During a period of declining production in the 1980s and 1990s, other companies left the region. Stacked layers of oil had been discovered, but accessing this oil economically was not technologically possible. Chevron made the decision to stay, with a focus on long-term results.
In the 2010s, the shale revolution revitalized the basin. New technologies—led by horizontal drilling and hydraulic fracturing—made trapped resources available. Land positions became premium assets, and holders of mineral interests began to unlock value from active development in the basin.
By the end of the decade, the shale revolution helped the U.S. shift from being a net importer of oil to a net exporter.
Benefits of basin-wide visibility
Today, Chevron has a revenue interest in one of every five Permian wells, giving the company visibility into operations and data across the basin. Leveraging technology and artificial intelligence (AI), Chevron unlocks insights from this data to improve decision-making and performance. Linking AI to this broad presence allows for:
- Improved well design and execution
- Reduced costs
- Enhanced decision-making
“We’ve taken a strategic approach to developing our Permian Basin assets,” said Bruce Niemeyer, Chevron’s president of shale and tight. “The scale we’ve established diversifies risk and provides key insights we can leverage to improve efficiency and performance.”

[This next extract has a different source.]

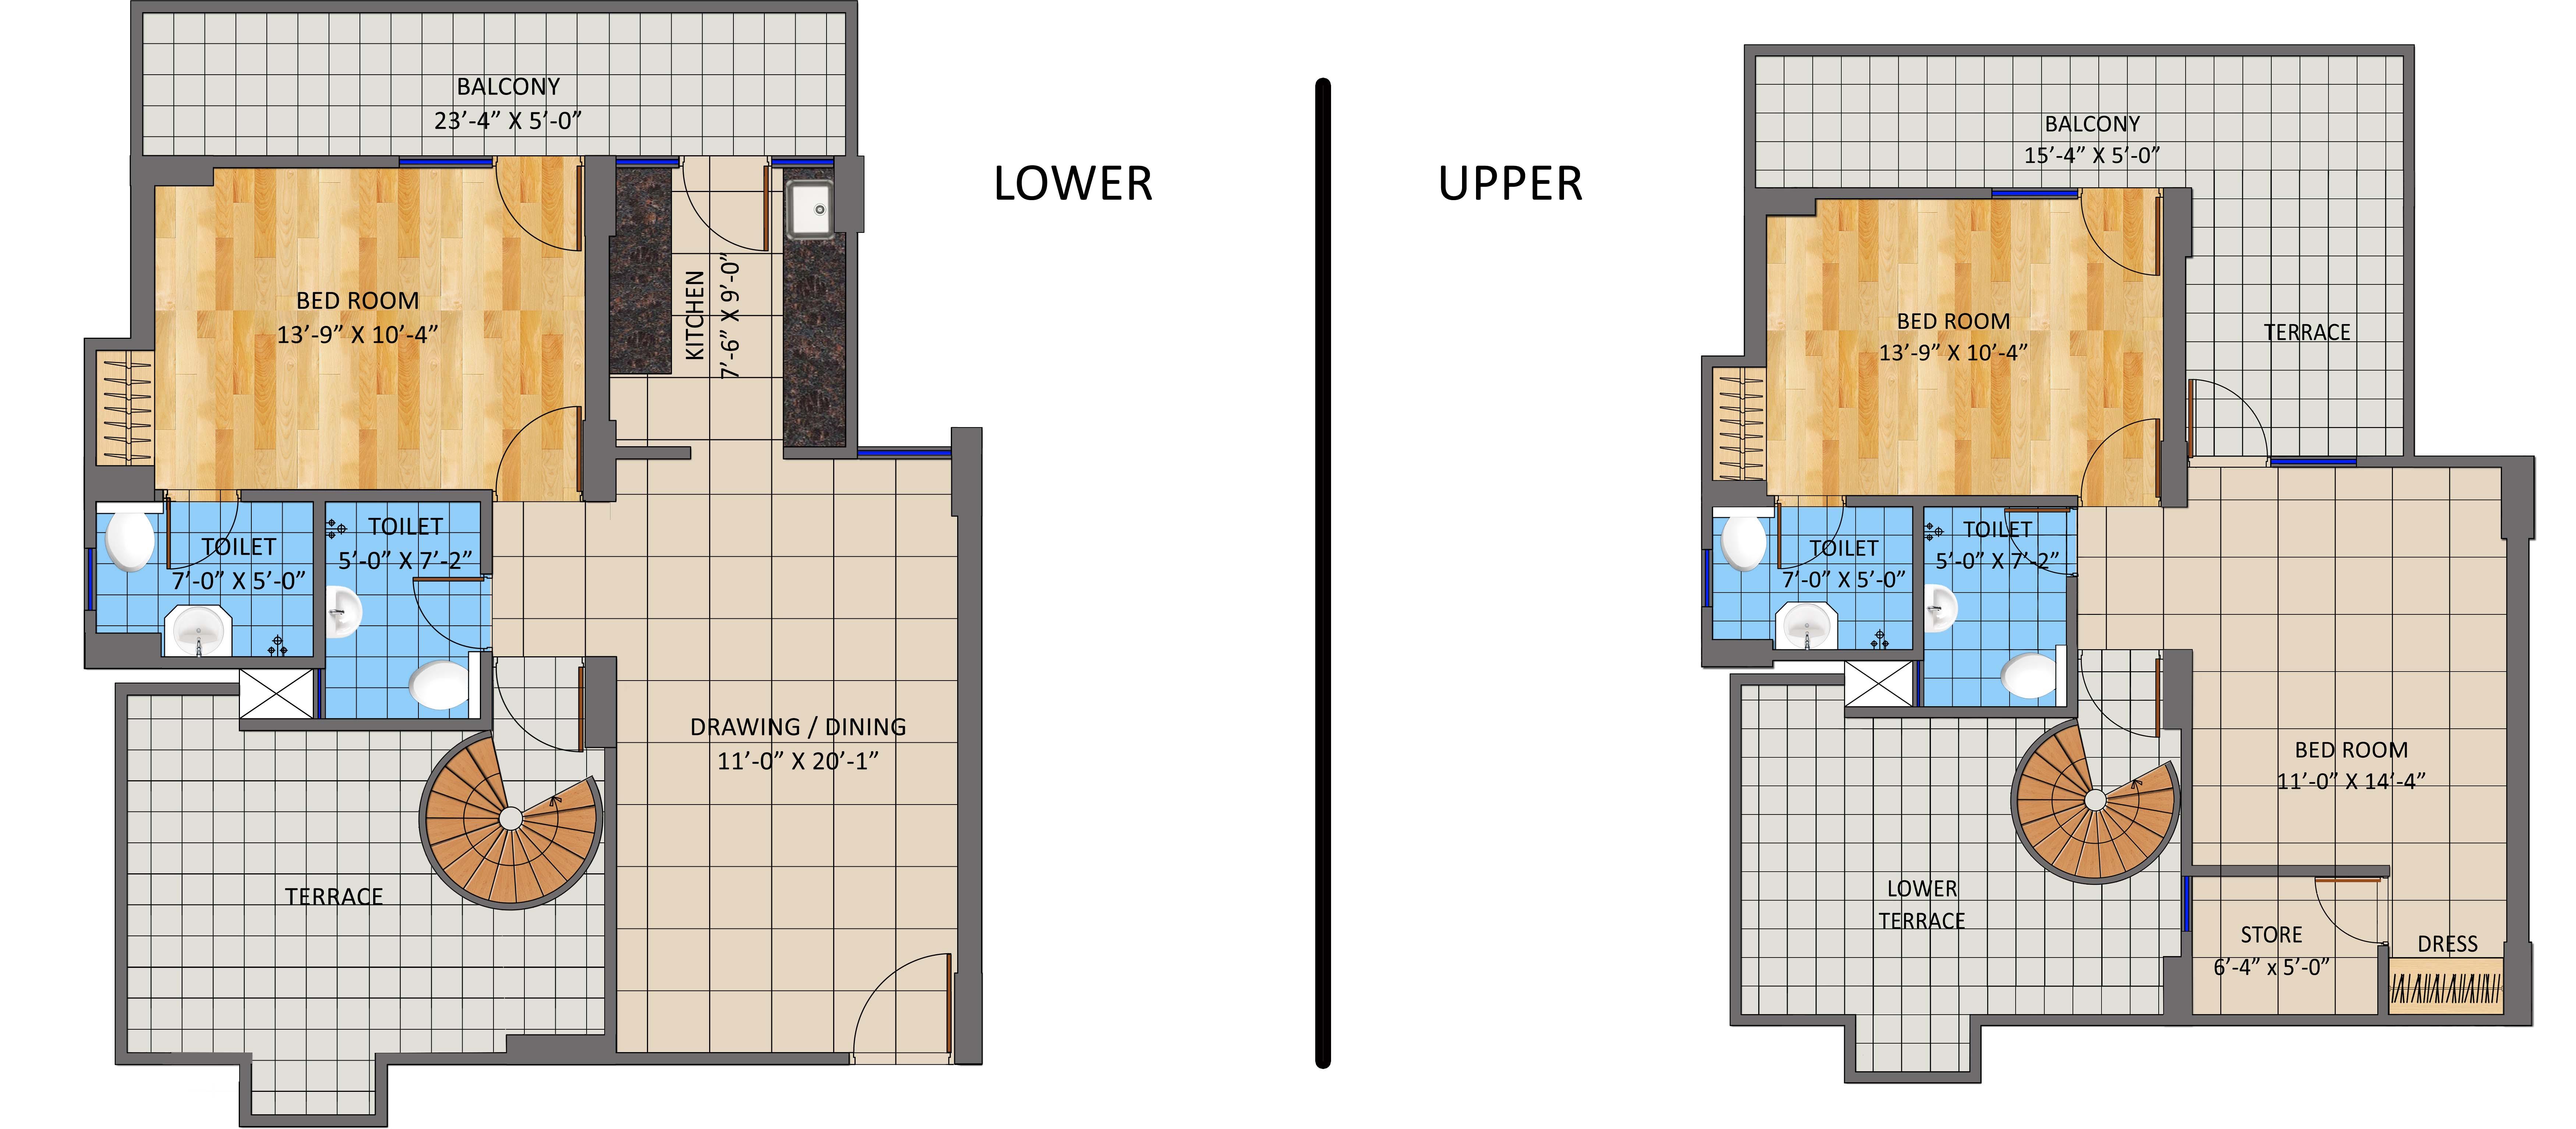 https://www.kwgroup.in/upload/170420110051Plan-Tower-E,-3-BHK-(Penthouse-Lower-&-Upper),-2000-sqft.jpg

Chevron’s legacy in the Permian began in the 1920s with vertical wells drilled across the Delaware and Midland basins
An advantaged portfolio
Legacy mineral rights, joint ventures and operated assets across its more than 2-million-acre footprint make Chevron’s position in the Permian uniquely valuable.
This is due in part to its distinct royalty advantage. This means that Chevron pays lower royalty rates on oil and gas produced from this land. Or in the cases where Chevron owns mineral rights, it receives payment or barrels for associated royalty interests. Royalty barrels account for 15% of total production, making Chevron the largest pure royalty producer in the region.
A key to Chevron’s competitive playbook is balancing the trifecta of ownership, partnerships and control in one of the most important oil-production regions in the world.
- Operated assets: These assets represent approximately 50% of Chevron’s Permian production. Operated wells benefit from Chevron’s repeatable, scalable factory model.
- Non-operated joint ventures: Chevron holds an interest in non-operated joint ventures (NOJVs) across the Permian. Operating companies provide NOJV reports to Chevron for more than 10,000 wells. This provides Chevron with an information advantage.
- Mineral rights: Chevron earns a portion of production revenue from land it holds mineral rights to without having to operate or invest in drilling the wells.
“It’s not just our long-standing legacy. It’s a strategic asset where we leverage our experience and advantages to generate long-term value for shareholders,” Neal said. “Our factory model approach and technological innovation enable us to deliver safe, reliable and efficient production.”
Unlocking value
Chevron is shifting from growth to cash generation in the Permian Basin. The company aims to maintain production at 1 million barrels of oil-equivalent (BOE) per day through 2040. (The linked article is subject to a paywall restriction.)
Through the years, a wide range of technologies has reduced costs and decreased cycle times. A recent example is hydraulically fracturing two—or three—Permian wells simultaneously.
As Chevron has grown operations in the Permian, it continues to get more from the region by:
- Increasing production at a lower capital expenditure, focusing on free cash flow and efficiencies that support higher returns. For example, using advanced drilling techniques and high-pressure gas lifts can help Chevron get more from its assets.
- Growing with 40% fewer rigs than Chevron’s plans contained a few years ago.
- Driving higher estimated ultimate recoveries (EURs) per well by optimizing well spacing, landing zones and completion designs, resulting in an approximately 53% increase in EURs over the past 10 years.